SPEAKER_07Ooh, they're good frozen. That's a good thing.
SPEAKER_04Yeah. Plus they'll last forever.
SPEAKER_07Yeah. So yeah, I drink milk. Like, sometimes I'll have milk with dinner, and um like I've gotten heat off of that. People are like, You drink milk like for a drink? I'm like, yeah.
SPEAKER_06Well, it's just not typical for a grown man to do that in today's age. If you watch a movie from the 70s, you'll see them all drinking milk. I'm not sure.
SPEAKER_04I know the dad's got a martini.
SPEAKER_07I do 2%, 2%.
SPEAKER_04And his wife brought it to him.
SPEAKER_07Damn right.
SPEAKER_06I really only put milk if it's in like a cappuccino, like I like I like to have it with my espresso, or uh, I use it for baking.
SPEAKER_04Yes. With that, we'd like to give a shout out to all the dairy farmers listening right now here in central Pennsylvania. Don't worry, I buy I whether I drink it or not, I buy way too much of it. So I'm down.
SPEAKER_07Yeah, I like I I guess I'm one of the weird people who drinks milk just because I like it.
SPEAKER_04Remember the uh supermodels they'd get to drink, and then like the white would be the old milk mustache got it.
SPEAKER_06There was definitely white something on our models now. That's for sure.
SPEAKER_04That was a good marketing thing. So anyway, I got a box of rocks here. If you missed the show last time, our friends at Tri Luna Royal Cleaners are doing something insane. They've got these beautifully painted rocks, they've given them to me. They are beautiful, yes, very nicely painted. You'll find these uh around uh I'd say Blair County, because I'm lazy and I'm not really gonna go that much further. But you will not just find the rock if you find it, you will also find perhaps a 20, perhaps 40, perhaps 60, perhaps 80, perhaps 100, perhaps 120. Who knows how much you could find all the I don't know.
SPEAKER_06You know what's funny about this is that maybe people who don't like you are gonna be finding the rocks, and if it was just the rock, they'd probably throw it through your window. But because giving them money, they're gonna say, you know what? Now I want to be friends with JoJo.
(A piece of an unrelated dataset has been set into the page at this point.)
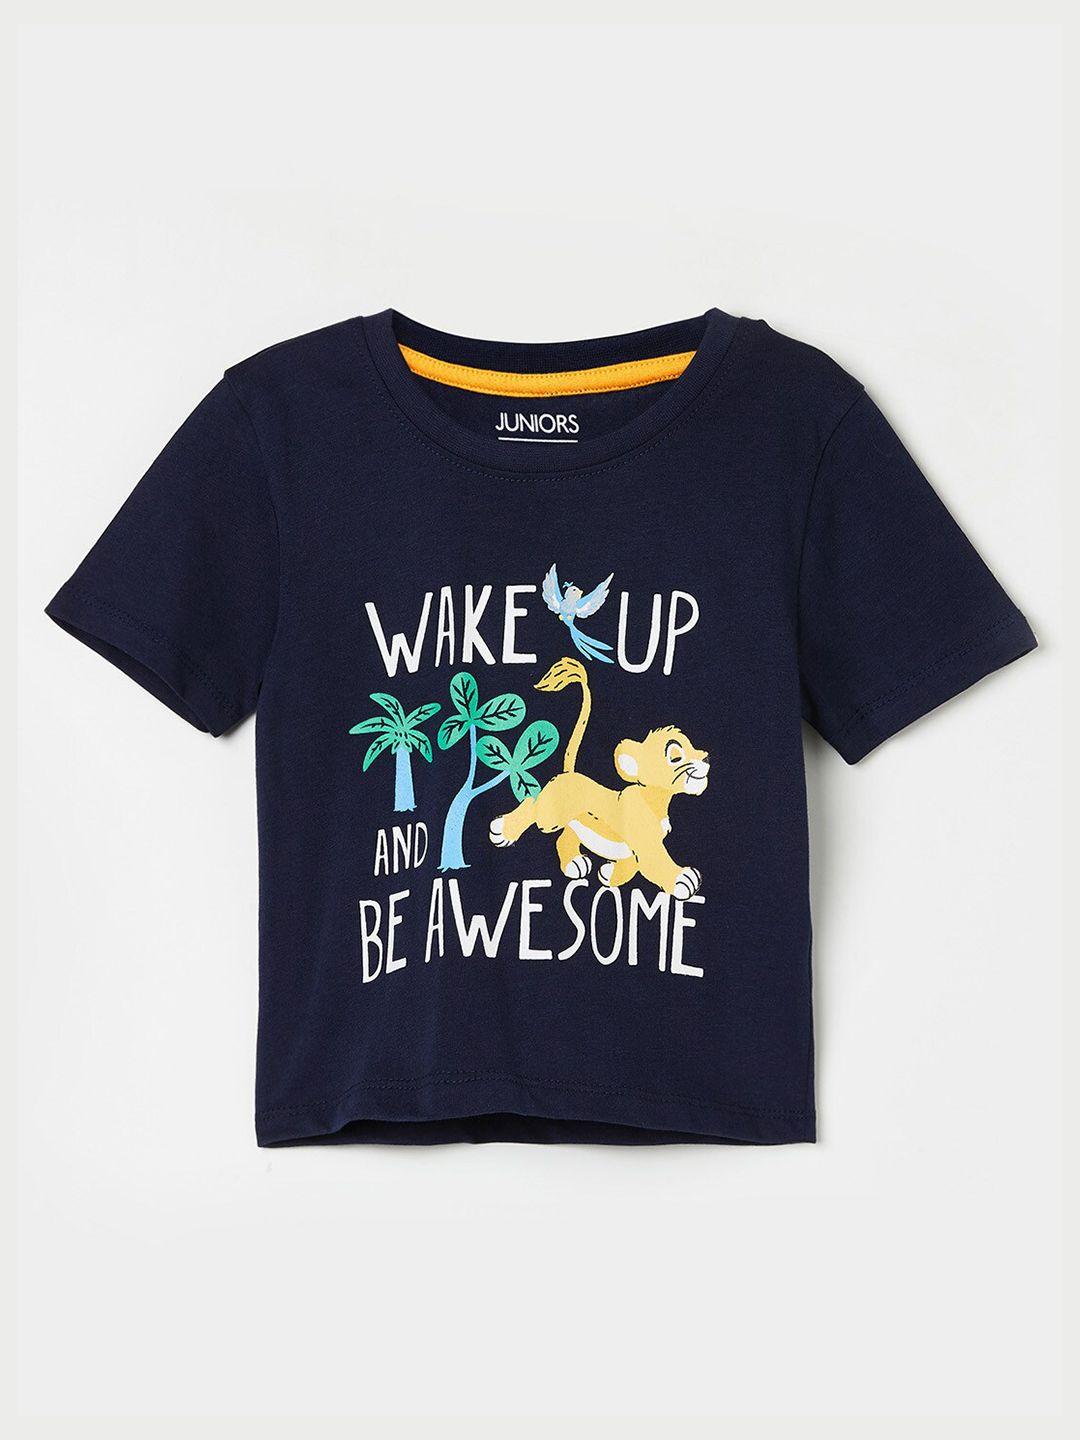 juniors by lifestyle boys navy blue printed t-shirt

SPEAKER_07Well, I have a prediction, so I would say, listeners, be the first person to find the first rock. Chances are all the money's gonna be in there because only once I do this once.
SPEAKER_04Yeah, yeah, Dominic's gonna be calling me up, like, yo, dude, I gave you like eight rocks a thousand dollars under one of the.
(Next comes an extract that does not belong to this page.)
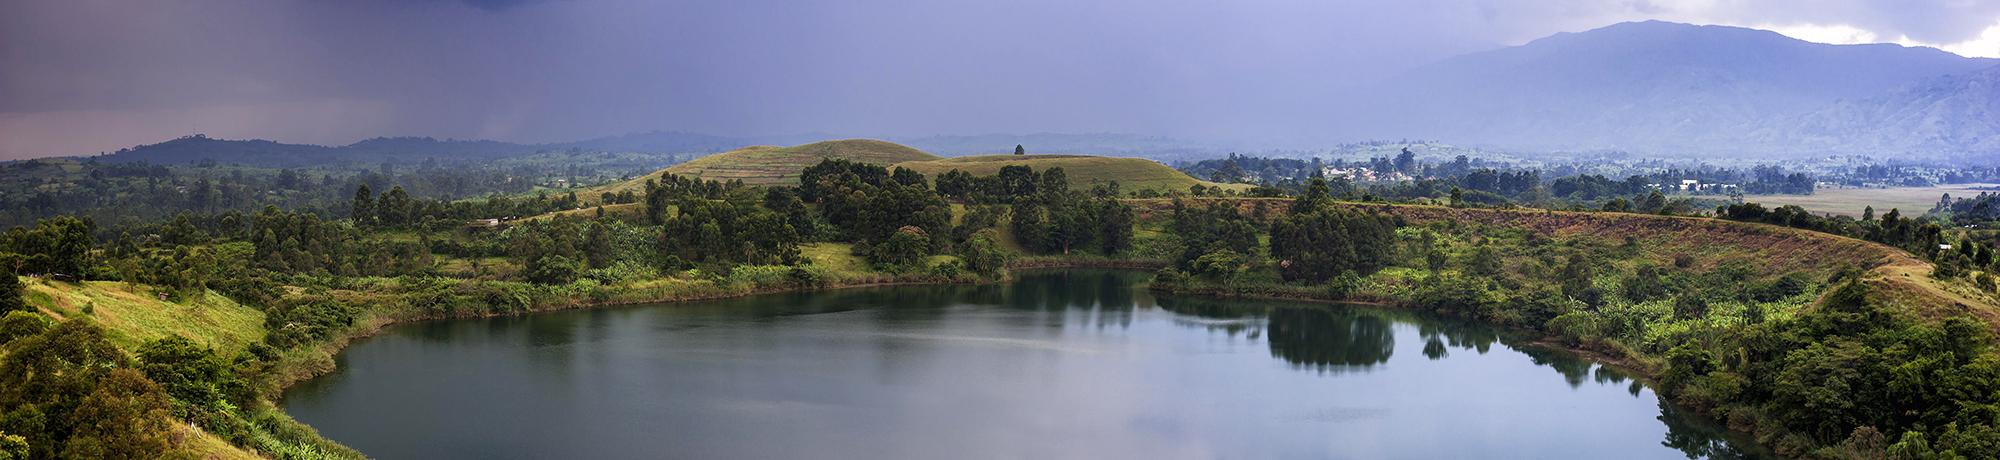 image of a lake in Uganda surrounded by greenery and mountains

SPEAKER_06He's just gonna be driving and throwing them out his window.
SPEAKER_04Like, man, I was tired. So, what I'm gonna do is you're gonna go uh to my Facebook page, just facebook.com slash jojo worldwide, and I will show not me, but my hand putting this somewhere, and hopefully you can maybe it'll be monopoly money by the time it gets there. But hopefully you can look at the surroundings of where I'm putting it and at your own risk, go and try to be the first one to get it. Now, if you are, it's yours to keep. No obligation, you don't have to do anything. I'm just asking if you do find one, throw it in the comment section under the video so we at least know who scored it.
SPEAKER_07So that's giving out clues to where the rock might be.
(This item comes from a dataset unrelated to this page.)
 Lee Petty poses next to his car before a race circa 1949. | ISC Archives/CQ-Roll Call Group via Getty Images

SPEAKER_04Just the film of what's around where I'm hiding it. If you know the area, you will probably yeah, like watch it 80 times until you figure it out. It'll help my metrics greatly. Triluna Royal Cleaners Cash Hunt. So be on the lookout because these are dropping, they've already dropped. One's already out there. If it's been found, look in the comment section. But this is going to be going on, and I uh it must have like dropped by the ATM on their way over because these are fresh. They're correct.
SPEAKER_06It's also amazing to me that they're trusting you because this money is just thank you. It's going to be sitting outside.
SPEAKER_04I can't believe anyone would give you $60.
SPEAKER_06But who knows how long they'll be sitting there before someone finds it, and that's just their cash sitting outside.
SPEAKER_04Knowing what they know about your horrible business skills, that anyone would put a 20 underneath your door.
SPEAKER_06The fact that we've been going for three months right now still astounds me.
SPEAKER_07Oh, yes.
SPEAKER_04Yes. Well, you know, we we accomplished something that most podcasts don't, and that's making it past the third episode. I've honestly yeah. And if you get to the 25th episode, then apparently you're gonna do it for the rest of your life. And what episode number is this, Jagger?
SPEAKER_0730, I think. This might be 30. Are we at 30?
SPEAKER_04Oh, now that means we're gonna be millionaires at any moment.
SPEAKER_06We must have the luck of the Irish. Why don't we?
SPEAKER_07Let's start with that $800 Triluna gave us.
SPEAKER_04Thanks, Dominic. The cash is coming in right now.
SPEAKER_07Fantastic. It's good. Dominic printed that money in the back. Yeah. Yeah.
SPEAKER_04Uh now let's get to Jagger's problems. Jagger feels that uh since he's gonna be 50 years old soon, yeah, that he's above doing chores.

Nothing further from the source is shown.